MS(ESI,pos.ion)m/z:403.3[M+H]+;
1H NMR(400MHz,DMSO-d6)(ppm)13.54(s,1H),7.59(s,1H),7.55(s,1H),7.37(d,J=8.5Hz,1H),7.21(t,J=8.7Hz,1H),6.95(d,J=16.4Hz,1H),4.23–4.21(m,2H),4.06(q,J=6.9Hz,2H),3.93(q,J=6.9Hz,2H),3.70–3.68(m,2H),3.32(s,3H),1.26(t,J=7.0Hz,3H),1.14(t,J=7.0Hz,3H).

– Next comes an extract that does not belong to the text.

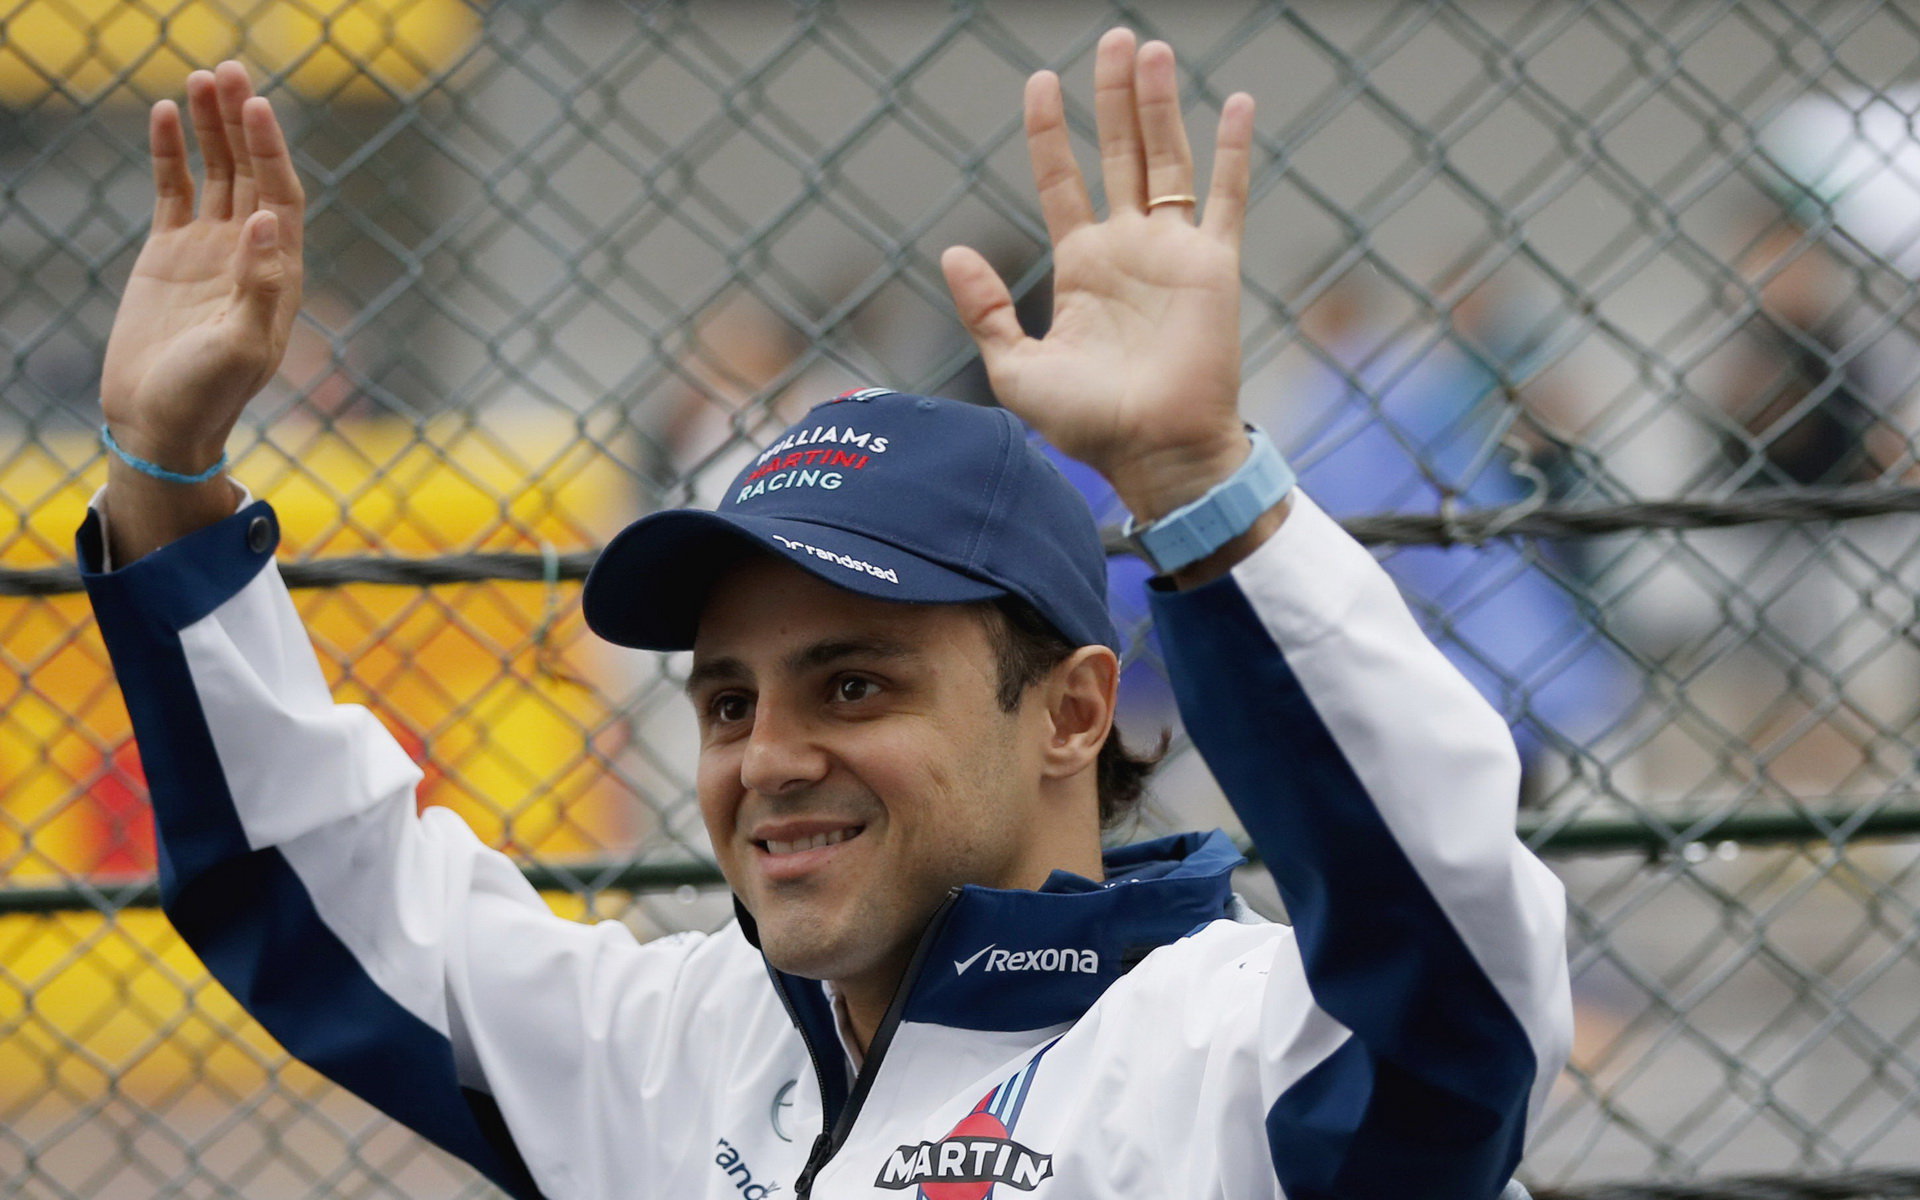 Felipe Massa, GP Japonska (Suzuka)

Step 5) (E) -1, 3-diethyl-8- (3-fluoro-4- (2-methoxyethoxy) styryl) -7-methyl-1H-purine
Synthesis of pterin-2, 6(3H,7H) -diketone
The title compound was prepared as described in example 1, step 6 by reacting (E) -1, 3-diethyl-8- (3-fluoro-4- (2-methoxyethoxy) styryl) -1H-purine-2, 6(3H,7H) -dione (0.39g,0.97mmol), methyl iodide (0.121m L, 1.93mmol) and sodium hydride (39mg,0.98mmol) in DMF (10m L) and the crude product was purified by silica gel column chromatography (petroleum ether/ethyl acetate (v/v) ═ 2/1) to give the title compound as a white solid (0.354g, 87.7%).

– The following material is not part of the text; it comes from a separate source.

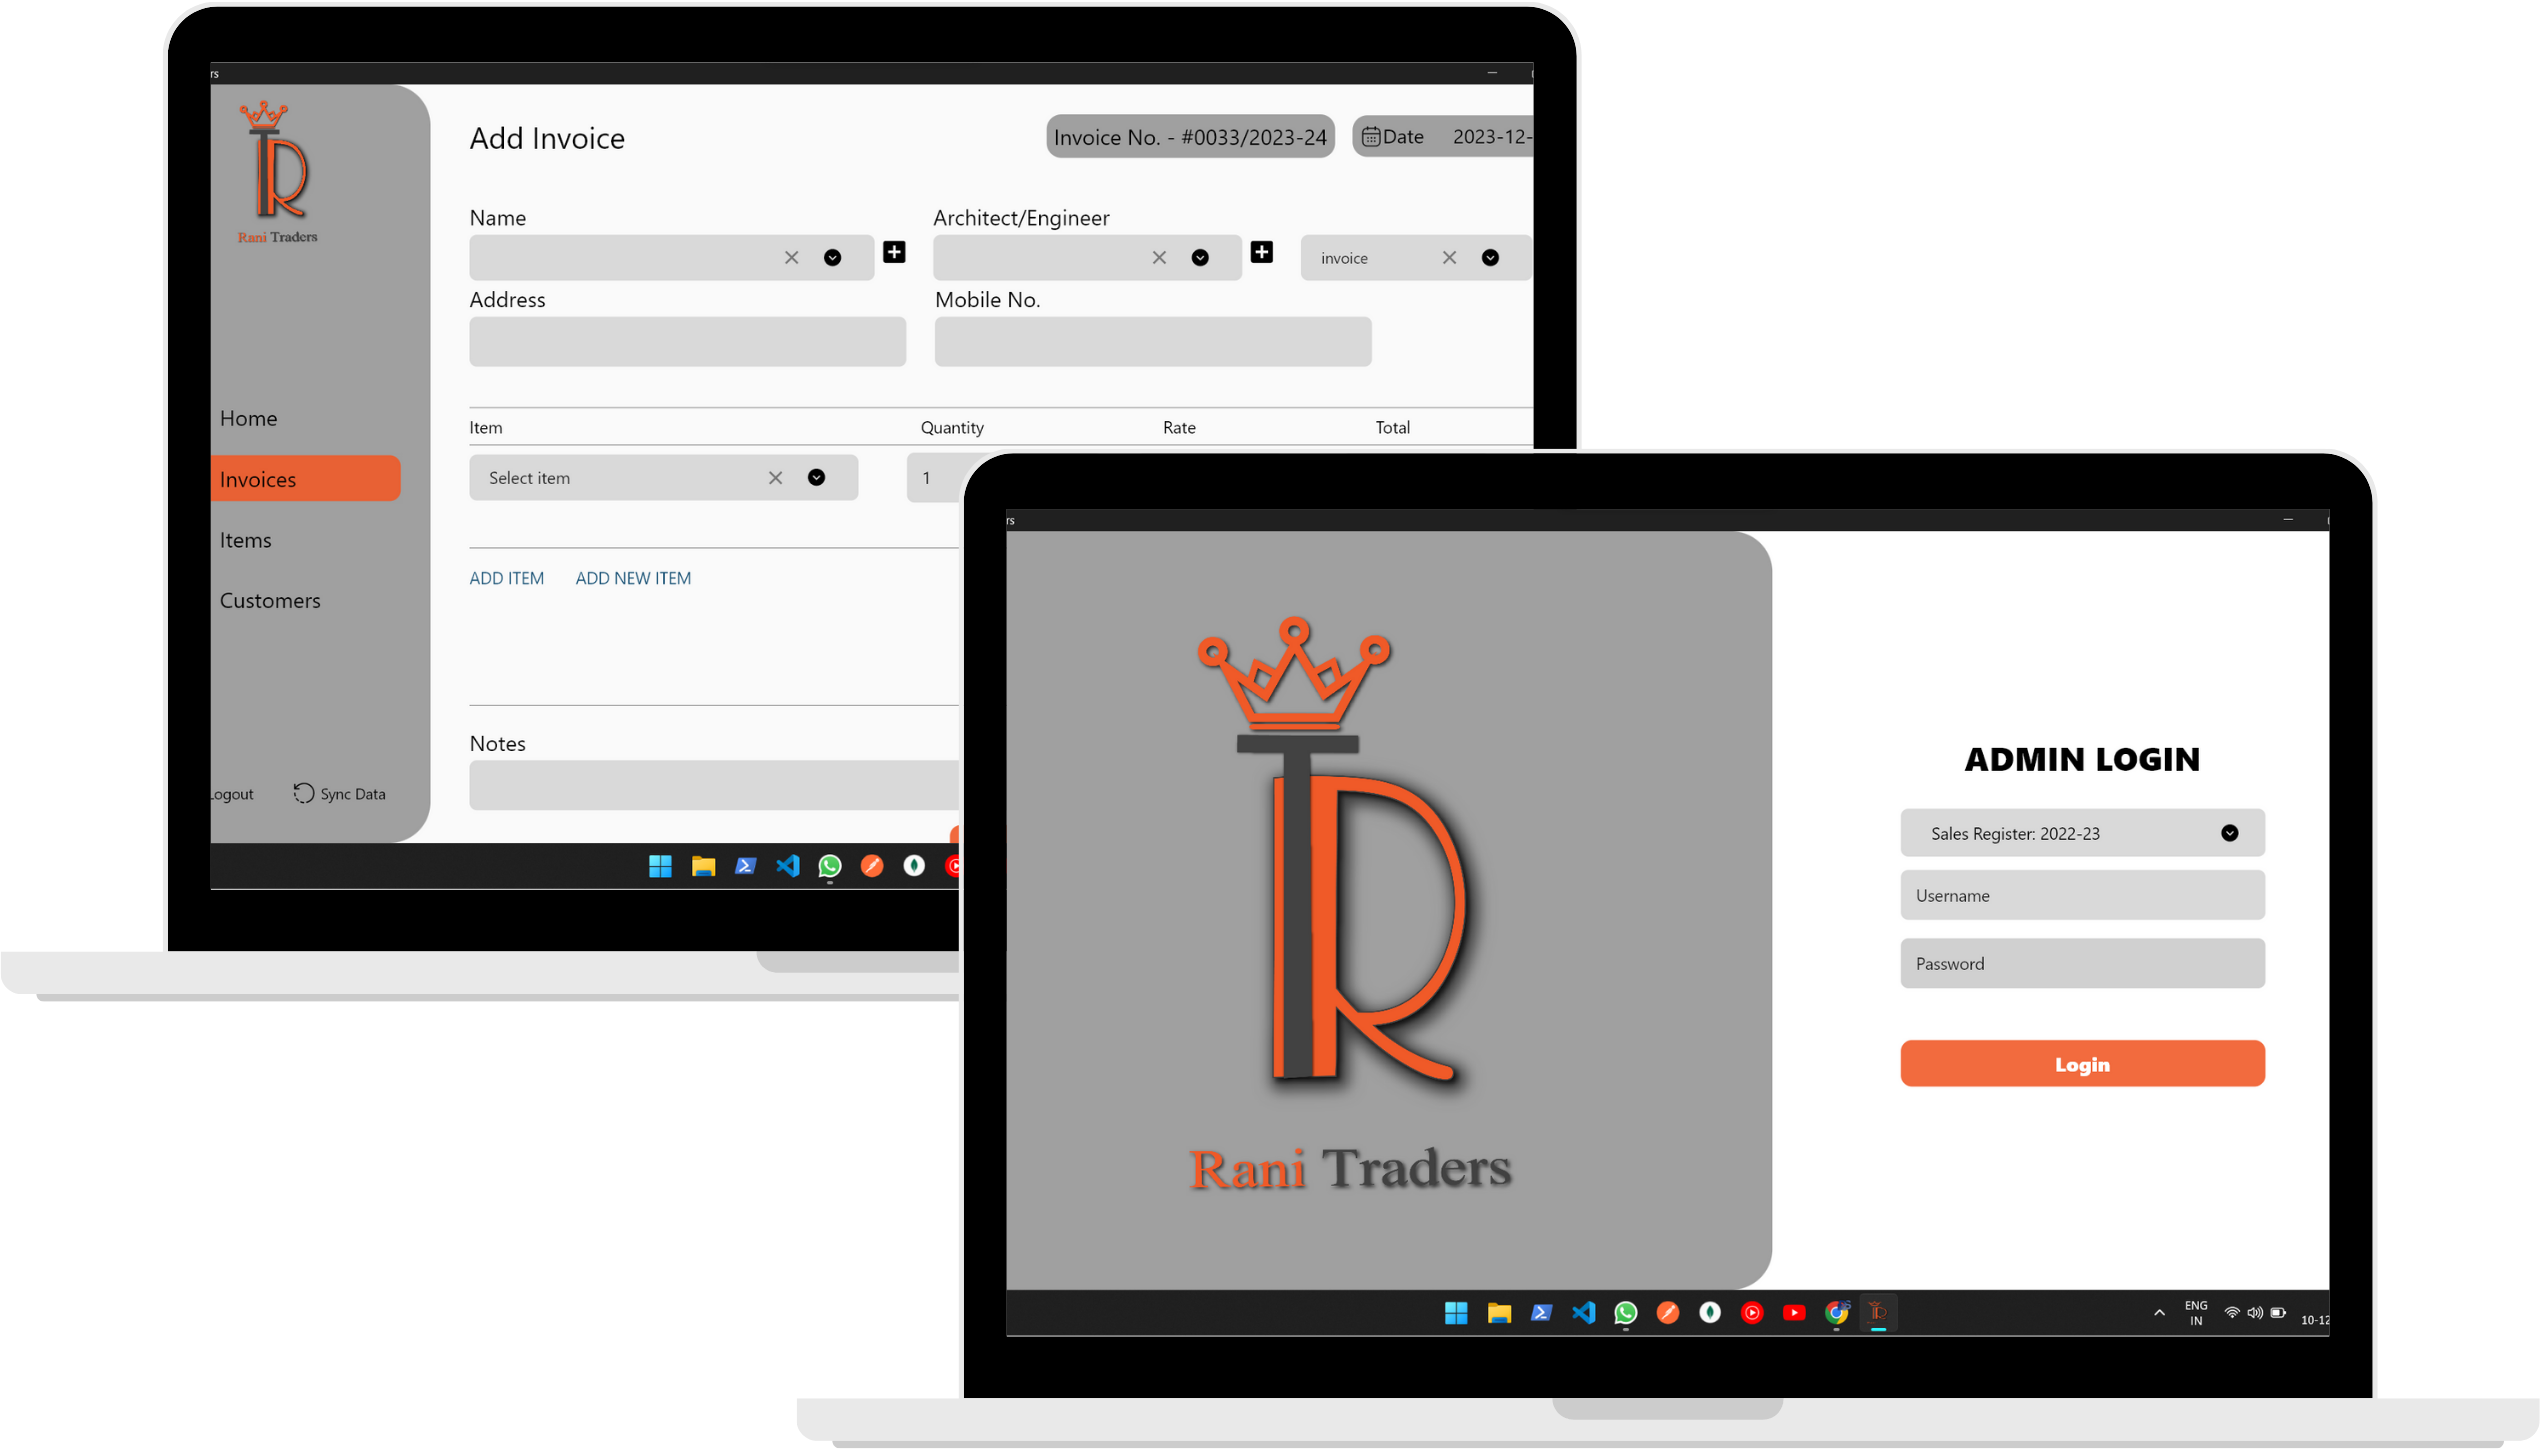 Rani Traders

MS(ESI,pos.ion)m/z:417.1[M+H]+;
1H NMR(400MHz,CDCl3)(ppm)7.67(d,J=15.7Hz,1H),7.33(dd,J=12.1,1.7Hz,1H),7.25(d,J=7.7Hz,1H),6.99(t,J=8.5Hz,1H),6.75(d,J=15.7Hz,1H),4.20(dt,J=14.1,5.9Hz,4H),4.10–4.06(m,2H),4.04(s,3H),3.80–3.77(m,2H),3.45(s,3H),1.36(t,J=7.1Hz,3H),1.25(t,J=7.0Hz,3H).
Example 7 Synthesis of (E) -1, 3-diethyl-8- (3-chloro-4- (2-methoxyethoxy) styryl) -7-methyl-1H-purine-2, 6(3H,7H) -dione
Step 1) Synthesis of 3-chloro-4- (2-methoxyethoxy) benzaldehyde
The title compound was prepared as described in example 1, step 2 by reacting 2-methoxyethyl 4-methylbenzenesulfonate (1.8g,7.82mmol), cesium carbonate (4.16g,12.77mmol) and 3-chloro-4-hydroxybenzaldehyde (1.0g,6.38mmol) in DMF (10m L) and purifying the crude by silica gel column chromatography (petroleum ether/ethyl acetate (v/v) ═ 10/1) to give the title compound as a pale yellow oil (0.65g, 47%).
MS(ESI,pos.ion)m/z:215.1[M+H]+.
Step 2 Synthesis of) (E) -3- (3-chloro-4- (2-methoxyethoxy) phenyl) acrylic acid
The title compound was prepared as described in example 1, step 3 by reacting 3-chloro-4- (2-methoxyethoxy) benzaldehyde (0.65g,3.0mmol), malonic acid (0.47g,4.5mmol) in pyridine (6.0m L) and the crude product was purified by silica gel column chromatography (petroleum ether/ethyl acetate (v/v) ═ 4/1) to give the title compound as a white solid (0.68g, 87%).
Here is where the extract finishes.